En ce qui concerne les relations entre la préfecture et la PAF d'une part, les associations d'autre part, elles doivent composer avec une difficulté fondamentale : les premières ont pour mission d'expulser des étrangers hors du territoire national, ce qui les conduit parfois à considérer les associations comme des obstacles au bon accomplissement de cette mission, tandis que celles-ci soutiennent les personnes retenues dans leurs divers recours contre les mesures d'éloignement dont ils font l'objet, ce qui les rend souvent réticentes à participer à l'organisation des centres.

Malgré cette difficulté, il existe des « bonnes pratiques » qui permettent d'améliorer la vie quotidienne des centres de rétention. Il semble en être ainsi à Lyon, avec l'organisation de réunions trimestrielles sous l'égide de la préfecture. Dans d'autres départements en revanche, les relations semblent tendues ou quasi-inexistantes.

1. Les fonctionnaires de la police aux frontières

Le Contrôleur général des lieux de privation de liberté a recommandé, lors de son audition, l'affectation de davantage de policiers expérimentés au sein des centres de rétention administrative. Il semble en effet que les fonctionnaires de police actuellement présents dans les centres soient souvent jeunes et peu expérimentés, ainsi que le soulignait déjà en 2006 le rapport précité consacré à la garde dans les centres de rétention : les vocations pour servir dans les centres sont rares et la majorité des affectations sont prononcées d'office en sortie d'école, de sorte que la majorité des effectifs de gardiens de la paix dans certains centres, spécialement en région parisienne, sont composés de fonctionnaires débutants et d'adjoints de sécurité. Le rapport souligne toutefois également que les demandes de mutation ne sont pas spécialement élevées, un certain nombre d'agents étant sensibles à la régularité des horaires, à l'absence d'imprévu qui permettent d'organiser plus facilement leur vie personnelle.

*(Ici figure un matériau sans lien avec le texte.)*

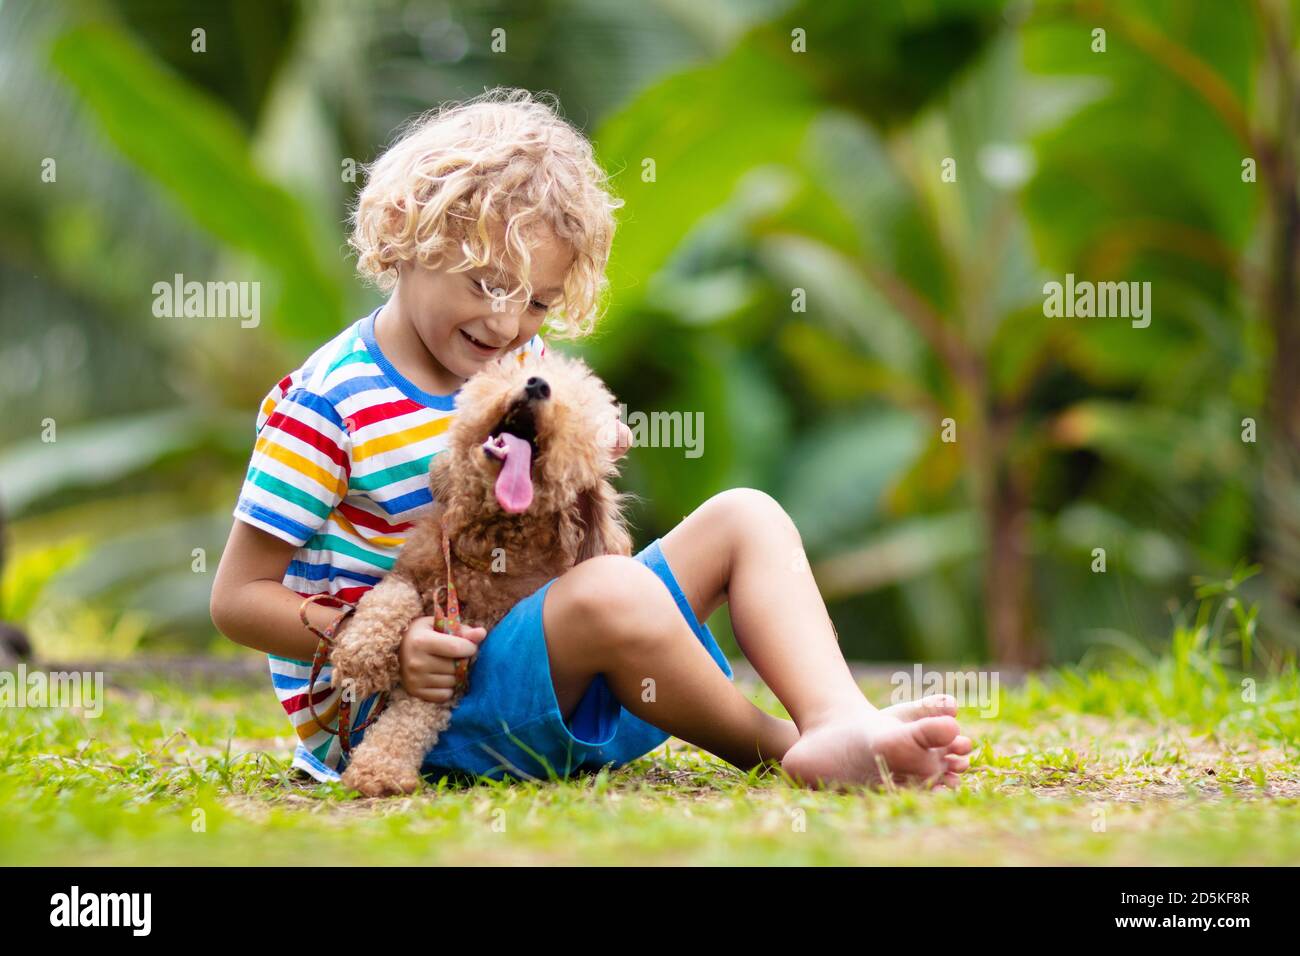 Kinder spielen mit niedlichem kleinen Welpen. Kinder und Babyhund spielen im sonnigen Sommergarten. Kleiner Junge, der Welpen hält. Kind mit Haustier. Familie und Haustiere o Stockfoto

Or la mission de surveillance des personnes retenues exige sans doute une pondération et un sang-froid dont des agents expérimentés sont davantage susceptibles de faire preuve.

Par ailleurs, selon le Contrôleur général, ce sont trop souvent les personnels contractuels des titulaires des contrats de gestion des centres (entretien, restauration, etc.) qui sont au contact des personnes retenues, en lieu et place des fonctionnaires de police. Le GISTI suggère à l'inverse que la gestion administrative des centres soit confiée à des fonctionnaires non policiers, par exemple des agents de la préfecture ou de l'OFII, ou à des contractuels, la police se consacrant alors uniquement à sa mission de surveillance et de maintien de l'ordre. Pour l'heure et compte tenu du bouleversement de l'organisation de la rétention que représenterait une telle évolution, vos rapporteurs estiment qu'il est préférable, conformément à la recommandation du Contrôleur général, de renforcer la présence de fonctionnaires de police expérimentés.

Proposition n° 20 : s'efforcer d'affecter des personnels de police plus expérimentés dans les centres de rétention afin notamment d'améliorer les relations avec les personnes retenues

2. L'accès des associations humanitaires aux centres de rétention

Le paragraphe 4 de l'article 16 de la directive « retour » prévoit que « les organisations et instances nationales, internationales et non gouvernementales compétentes ont la possibilité de visiter les centres de rétention visés au paragraphe 1, dans la mesure où ils sont utilisés pour la rétention de ressortissants de pays tiers conformément au présent chapitre. Ces visites peuvent être soumises à une autorisation. »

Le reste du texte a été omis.